After reading Roosevelt and the Russians, many readers will still find it hard to condone the deal, made behind China’s back, by which Russia got control of Manchurian ports and rail lines, and President Roosevelt agreed that he would see to it that China swallowed her cup of tea. Nor will most readers fail to wonder how F.D.R. could blandly turn over the Kuril Islands, which control the short air route from Alaska to the Far East. The explanation Stettinius gives: U.S. military chiefs urged Roosevelt to get Stalin into the war against Japan at any cost. In his zeal to give F.D.R. a clean bill of health, Big Ed forgets that on Oct. 30, 1943, Stalin had promised Cordell Hull, with no strings attached, “clearly and unequivocally that, when the Allies succeeded in defeating Germany, the Soviet Union would then join in defeating Japan.”
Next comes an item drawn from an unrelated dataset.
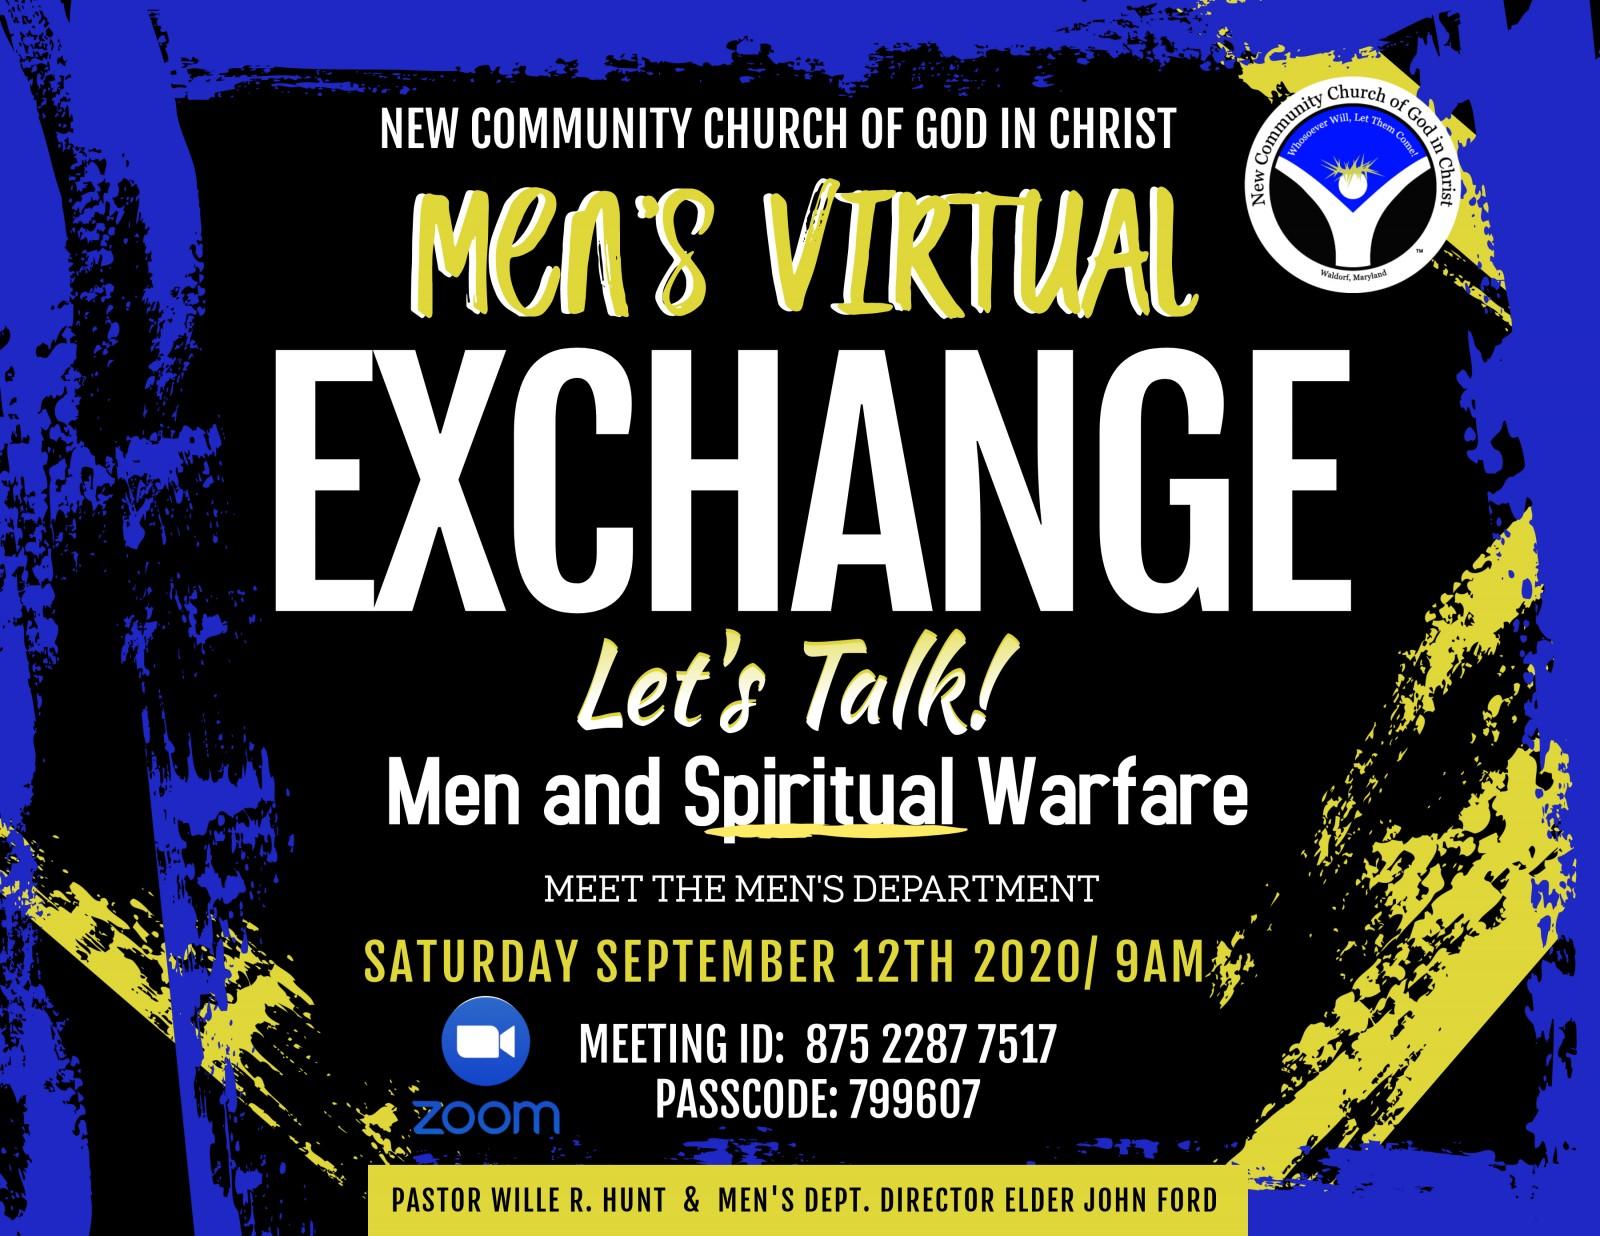 MENS VIRTUAL EXCHANGE SEP 26 (1)
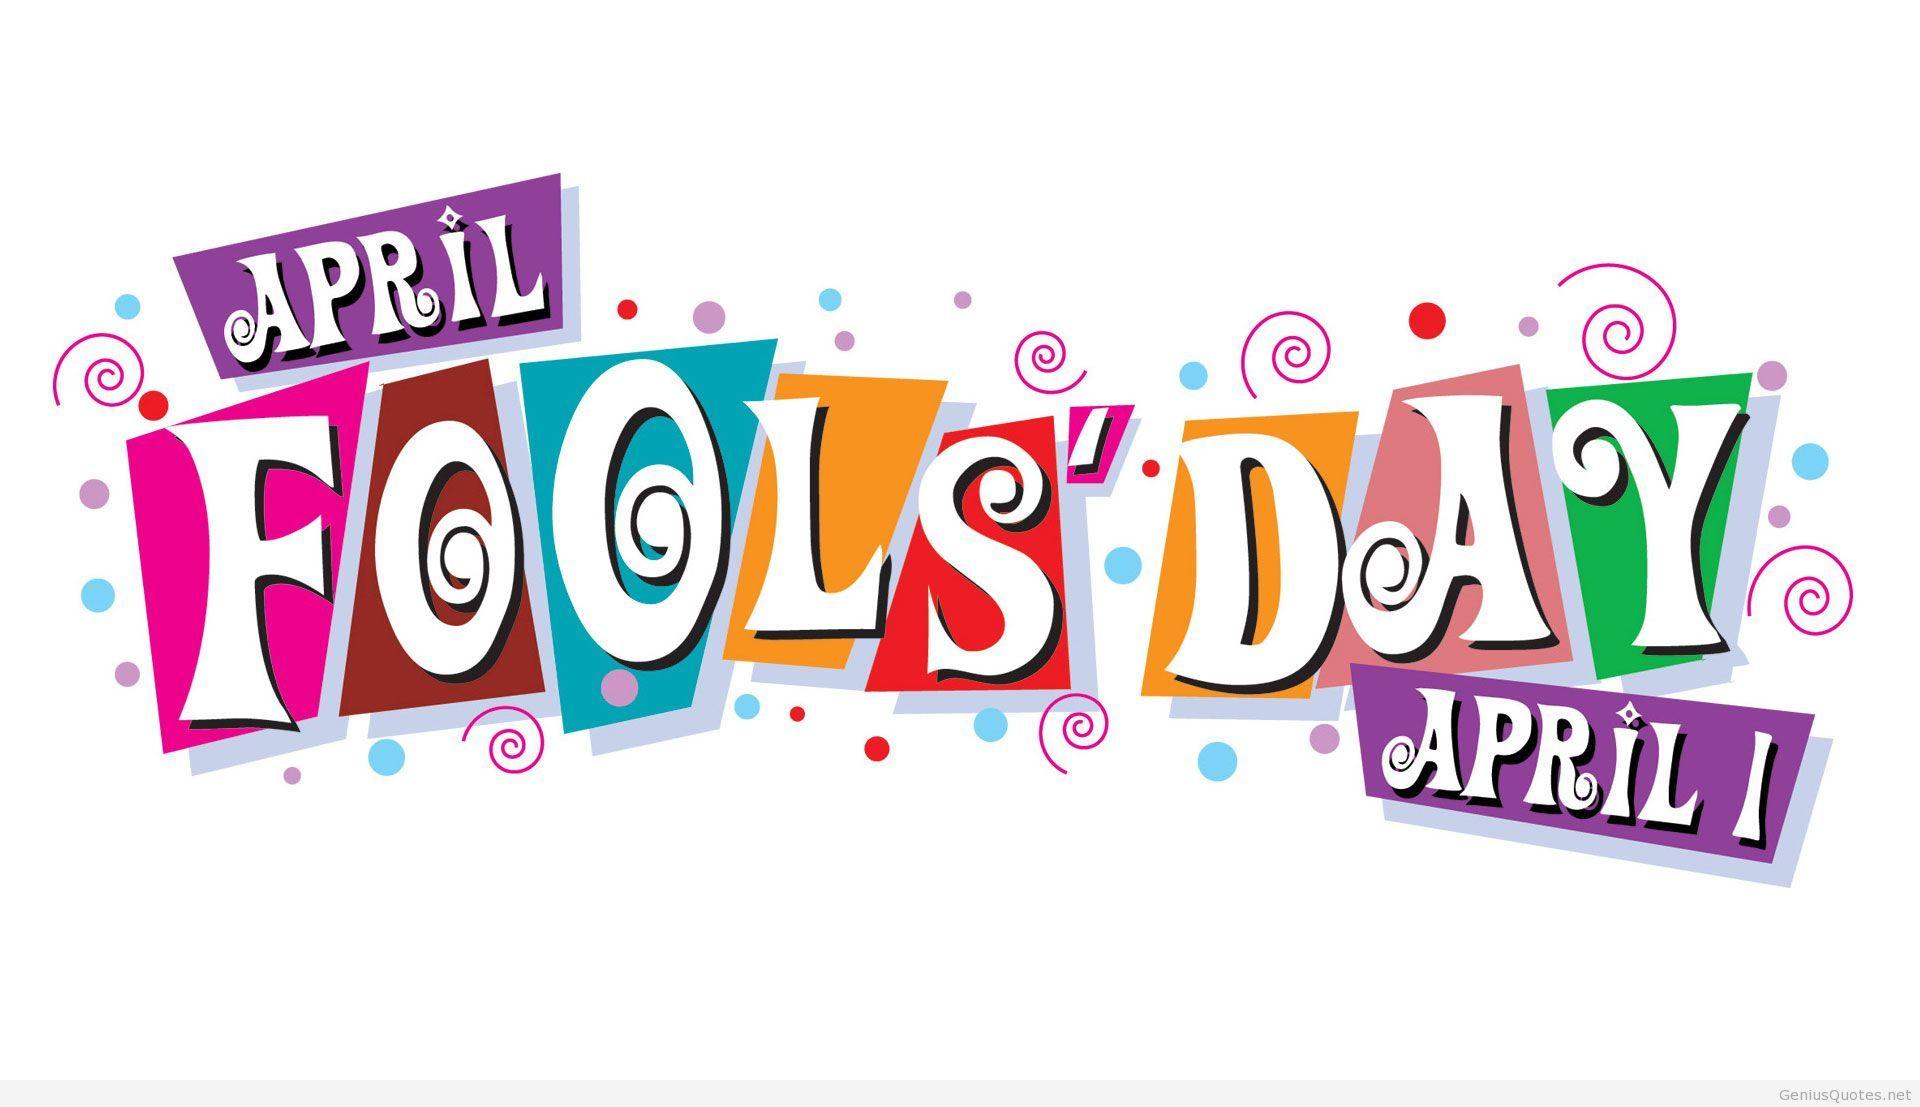 April-fool-day-2014.jpg

“We Cannot Allow.” The Stettinius excuse for F.D.R.’s tragic weakness on the Polish issue is that the Russians were already in Poland. From a statesman, such reasoning seems to applaud the bankruptcy of statesmanship. Stalin was capable of straighter talk on the subject. Said he at Potsdam: “A freely elected government in any of these [eastern European] countries would be anti-Soviet, and that we cannot allow.” U.S. readers may wonder why the U.S. delegation could not have guessed that as well as Stalin.

Stettinius denies that F.D.R.’s health weakened his bargaining voice: the President believed that the U.S. could wean the Soviet Union “away from dictatorship and tyranny in the direction of a free, tolerant, and peaceful society.” At best it was a naive hope for a man come to trade with a proved champion of Lenin’s precept: “Use any ruse, cunning, unlawful method, evasion, concealment of truth.”